По жаркой извилистой, петляющей по ржи дороге, на нанятой на станции бричке катили неспешно трое людей. Солнце клонилось к закату, от земли шел плотный, суховатый дух, во ржи трещали цикады, вечер поспевал, как краюха доброго хлеба в выбеленной известью печи у бедного крестьянина, которому нет жизни кроме рабства, а мы этого не понимаем и думаем, что таков положенный искони мировой устав. В середине, зажатый спутниками, ехал Аркадий Григорьевич Мазанов, мужчина некогда стройный и толковый, но теперь обрюзгший от порока, слюнявый. Он был в лиловом канотье — почти еще не старый, а тронутый лишь на висках неумолимым ходом времени. По правую от него руку лущил подсолнух Зажогин, подтянутый средних лет человек с револьверами за поясом. По левую расположился серолицый Джонс в кожаной куртёнке, с винчестером в руках. Мазанов лениво смотрел окрестности, прикладываясь к початой бутылке невкусной наливки, которую Зажогин нашел в навозе подле последнего верстового столба. Теперь же знаков не было и было мерзко. Зажогин плевался лузгой, морщил лоб, будто и впрямь собираясь презреть животную злобу свою и помолиться. Джонс сипло дышал, уныло глядел в невидимую точку. Мазанов не стерпел, швырнул бутыль в выжженные кружева обочины.
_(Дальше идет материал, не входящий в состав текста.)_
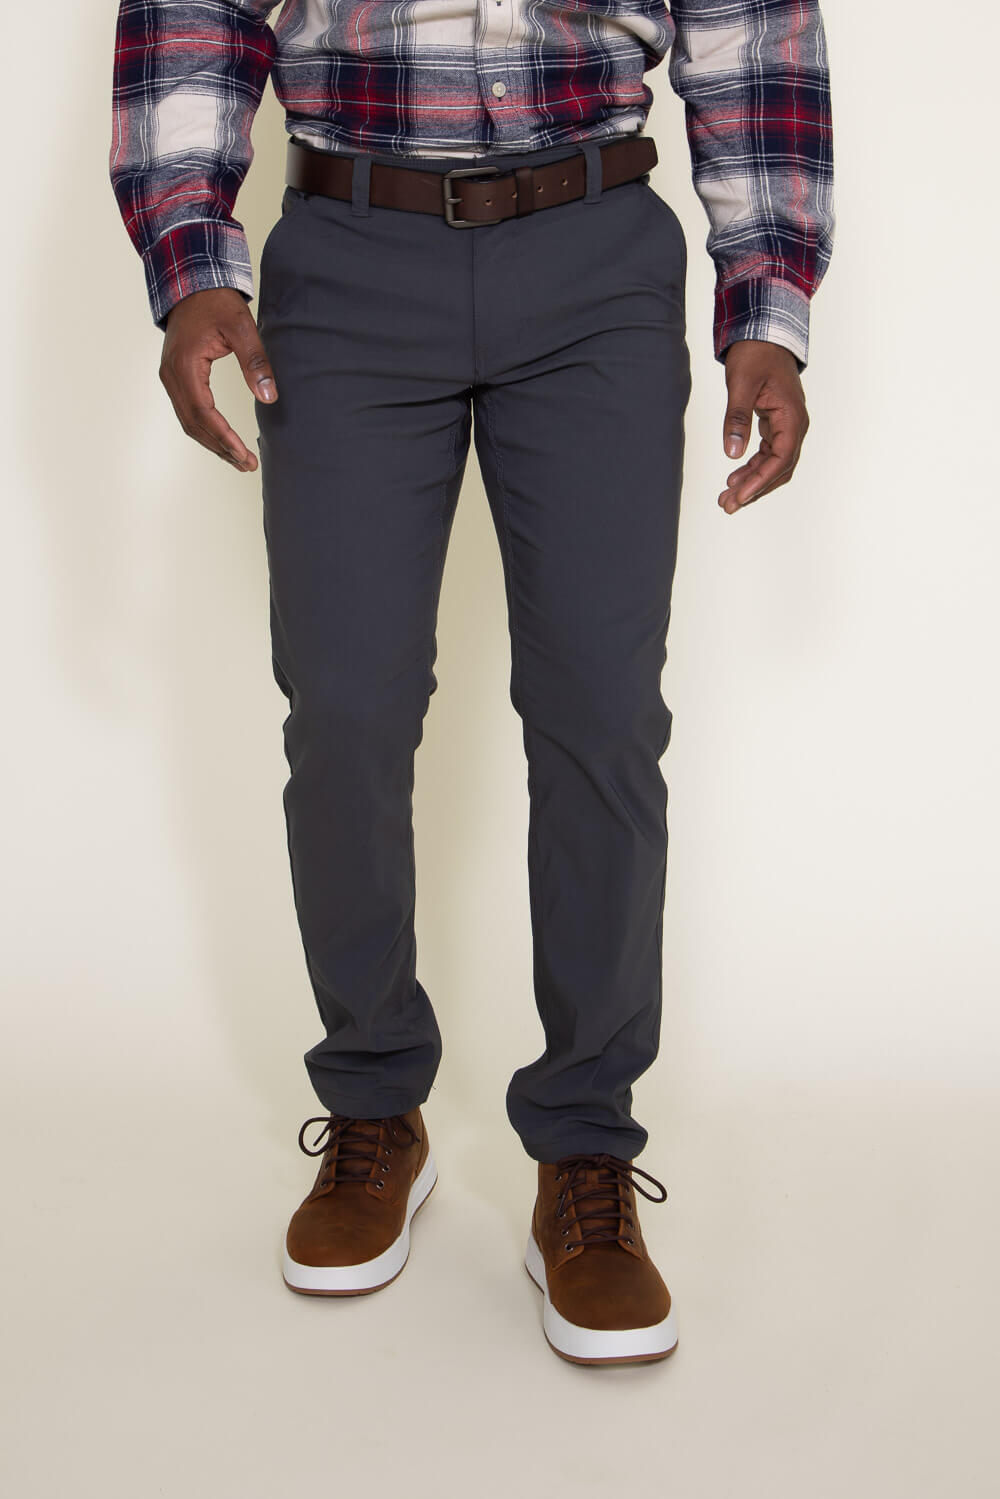 Weatherproof Vintage Faille Trouser Pants for Men in Grey | W3F800-IRO –  Glik's

—  Однако five o’clock, mon cher, — Мазанов промокнул губы салфеткой, будто нажравшийся плоти Христовой греховодник, который в святые церковные таинства не особенно-то и верует, а верует он больше не в святые церковные таинства, а скорее уж в пузо, которое, как известно, любую веру переварит. — Не хлопнуть ли нам чайку?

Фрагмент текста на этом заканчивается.